M14 flash suppressor/bayonet lug
Original M14 stock
Lots more mags of course
Possibly my Vortex Viper PST way down the road.

For now I'm gonna keep it old school. NO rails, NO lights, NO lasers. I like it original.


----------



## kiyote (Jun 15, 2014)

nice! congrats


----------



## Indiana Jones (Aug 28, 2014)

Thanks!


----------



## 220swift (Mar 2, 2011)

SWEET!!!!!!!!!!!!!!!!


----------



## hassell (Feb 9, 2010)

Very nice indeed.


----------



## sneakygroundbuzzard (Nov 1, 2012)

I'm so jealous
Congratulations


----------



## Indiana Jones (Aug 28, 2014)

Thanks guys! I can't wait to eventually blast something with it. I read the loaded is .5 lbs heavier than standard but im not too worried about it. I probably wont notice it too much anyway.


----------



## sneakygroundbuzzard (Nov 1, 2012)

who cares what it weighs

its an M1 baby,thats all that matters


----------



## mbowlby (Jul 3, 2015)

Nice rifle. Congrats

Sent from my iPhone using Tapatalk


----------



## youngdon (Mar 10, 2010)

Nice, let us know how she shoots !


----------



## Indiana Jones (Aug 28, 2014)

Short said:


> now all you have to do is learn how to shoot.......

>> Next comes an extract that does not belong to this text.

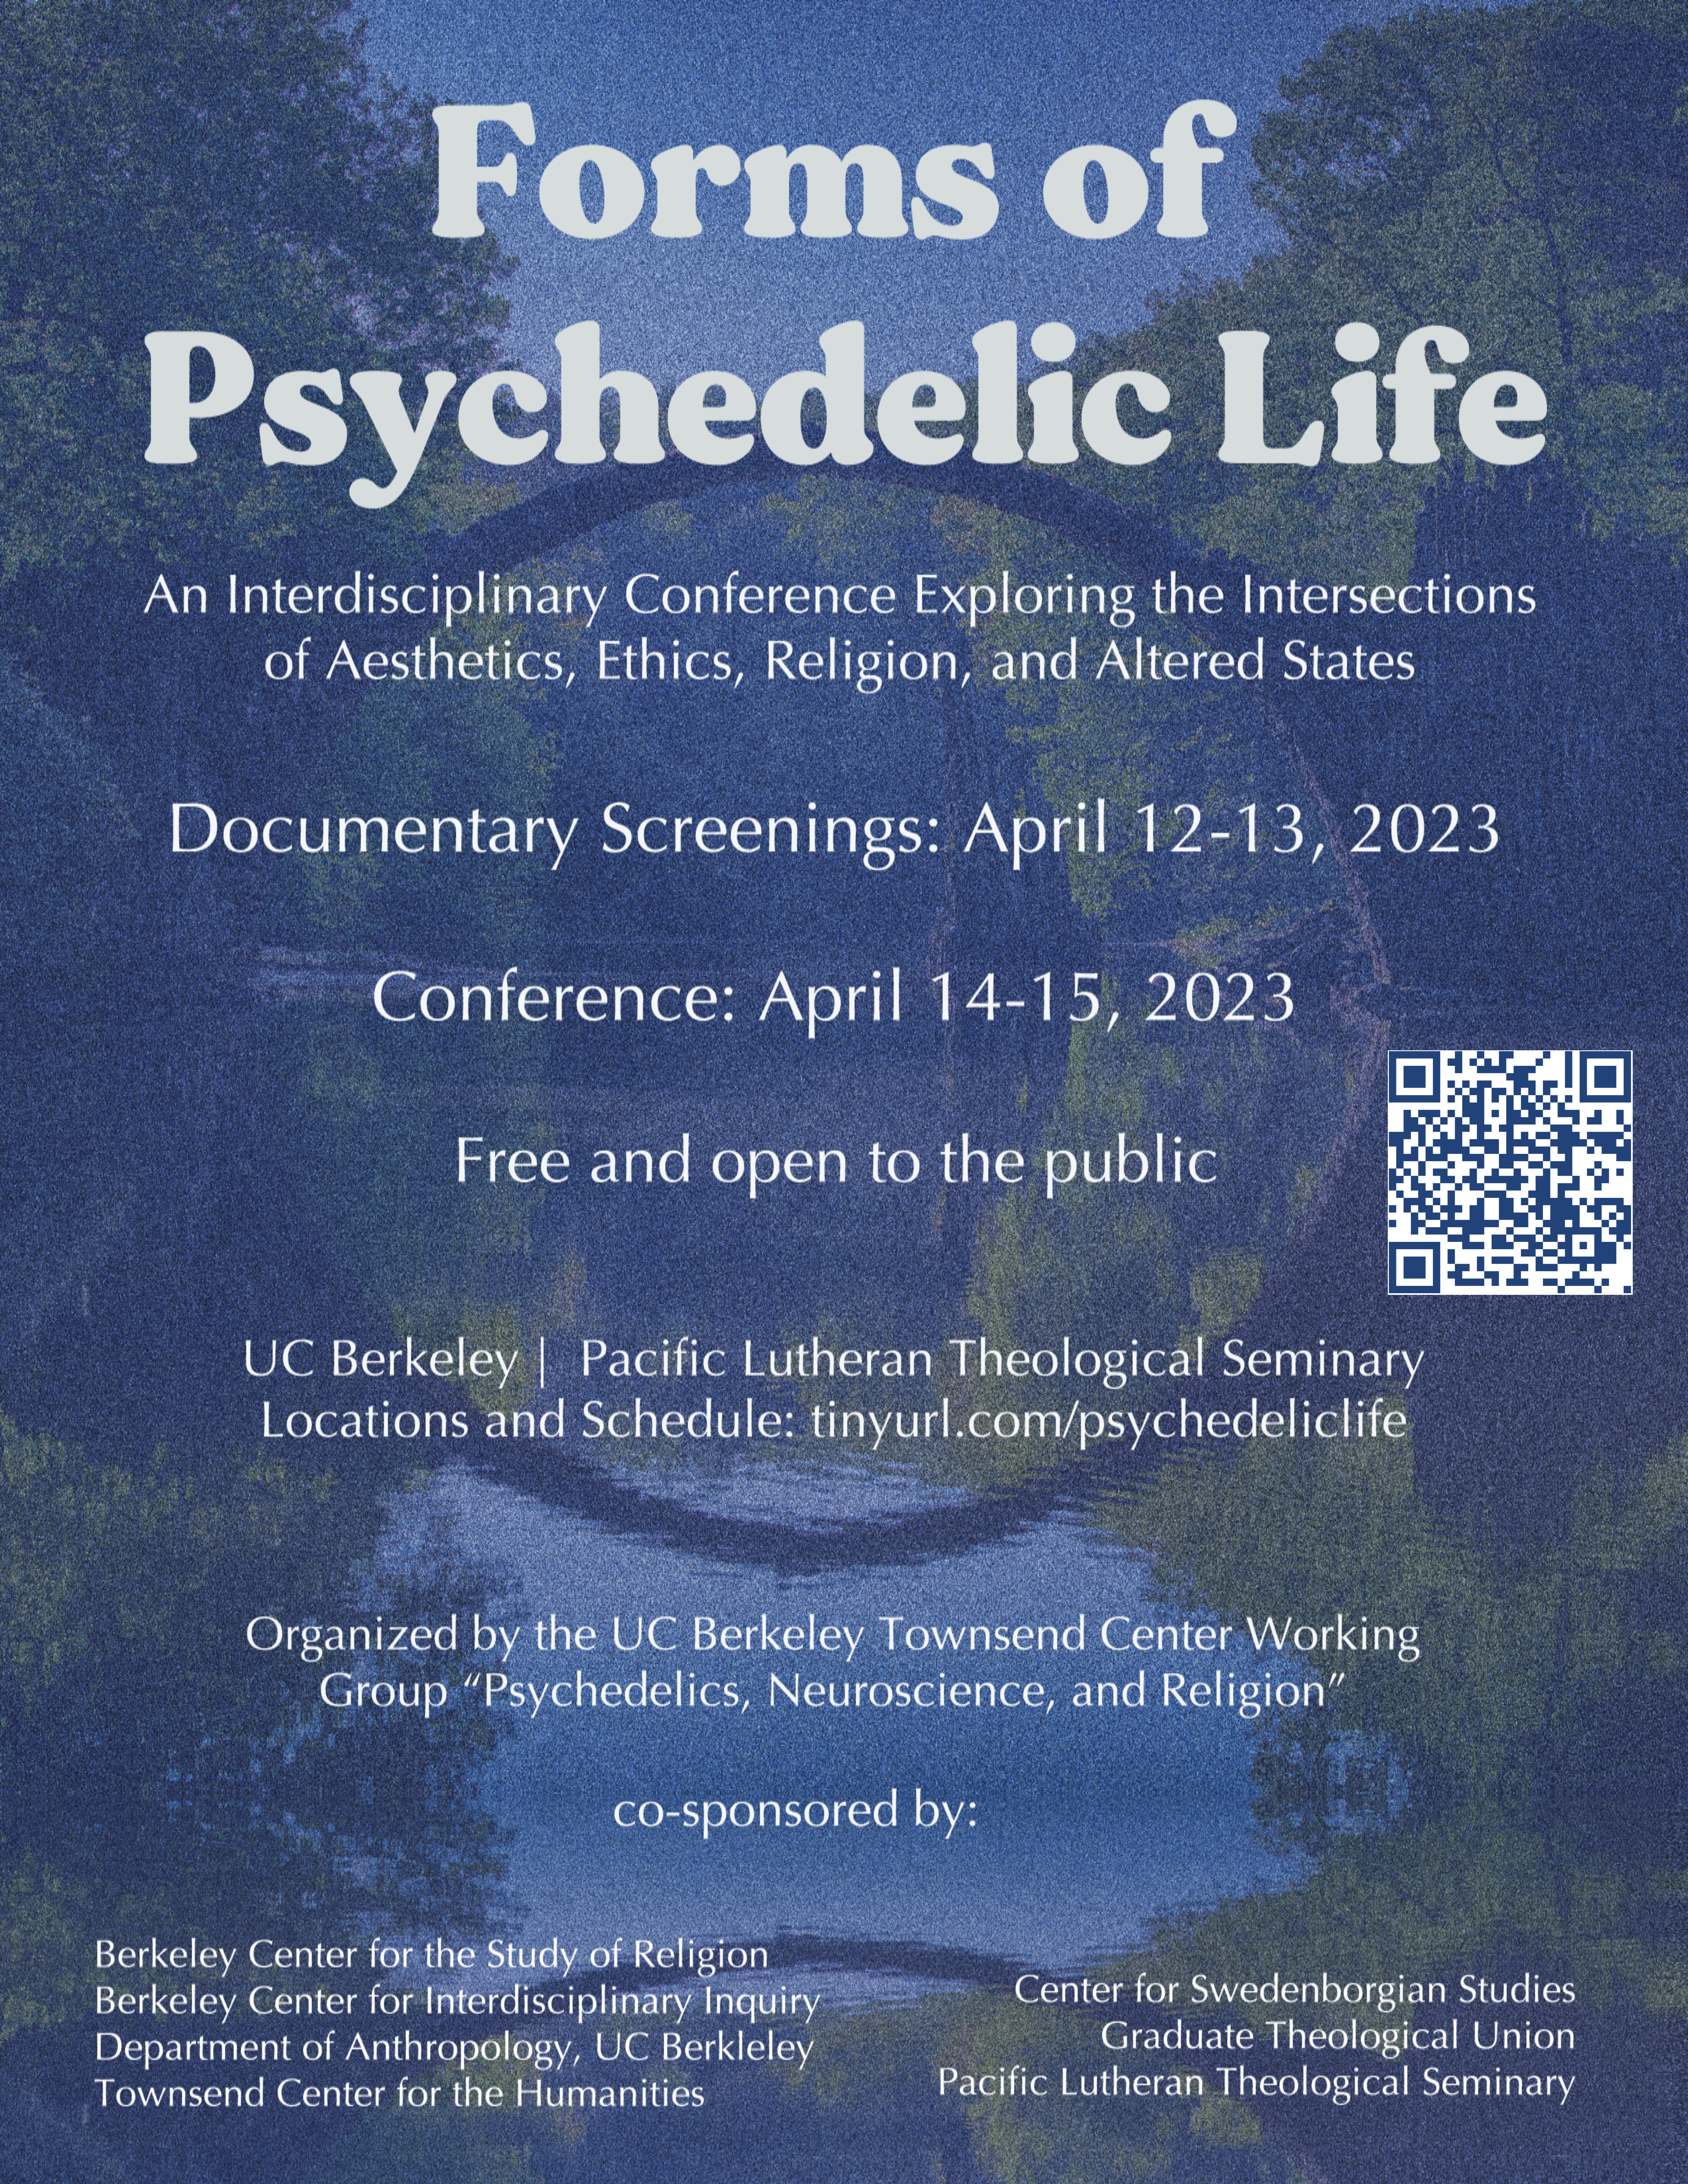 Forms of Psychedelic Life: An Interdisciplinary Conference Exploring the Intersections of Aesthetics, Ethics, Religion, and Altered States

Hey look another "im better than everyone else" post from short. 

Where is your M1A you talk about picking up on cheap all the time?


----------



## JTKillough (May 4, 2010)

Really nice. I've been ogling an M1A1 for years, but can't pull the trigger on the purchase. And you're right on, by keeping it 'ol school. Let me know how well it shoots.


----------



## youngdon (Mar 10, 2010)

Short said:


> now all you have to do is learn how to shoot.......





Indiana Jones said:


> Hey look another "im better than everyone else" post from short. :smile:
> 
> Where is your M1A you talk about picking up on cheap all the time?


Wiener fight !


----------



## Indiana Jones (Aug 28, 2014)

youngdon said:


> Wiener fight !


Short and I bicker like Archie and Edith but at the end of the day, he's still Edith.

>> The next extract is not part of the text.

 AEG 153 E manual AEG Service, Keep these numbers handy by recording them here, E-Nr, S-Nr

Just kidding buddy haahhaah. Hope your hemorrhoids feel better Short.


----------



## Indiana Jones (Aug 28, 2014)

2 generations of awesome


----------



## Indiana Jones (Aug 28, 2014)

Short said:


> I'm your huckleberry.....
> 
> and I am not better than everyone else.....just you....especially at squirrel hunting....
> 
> ...


When it comes to squirrels I blame the 10/22 Takedown. Thing has never patterned right. I want a .22 bolt gun. I was nailing em with the 1911 last time out in mid Feb. Heck I've even thought about a .22LR SAA.


----------



## Indiana Jones (Aug 28, 2014)

Short said:


> .22lr belt fed.......


Pocket Gatling.


----------



## youngdon (Mar 10, 2010)

This might work for ya.

http://www.elmfg.com/am180/articles/mgn12-95.html


----------



## Indiana Jones (Aug 28, 2014)

youngdon said:


> This might work for ya.
> 
> http://www.elmfg.com/am180/articles/mgn12-95.html


Put me down for two please!


----------



## Indiana Jones (Aug 28, 2014)

I couldn't resist, I had to go for the Black Hawk Down look so I tossed on a red dot. The mount comes off super easy so I can go old school in a few seconds if I want to. Id like to fins a military surplus fiberglass stock and paint it to match just for when I want to change it up.


----------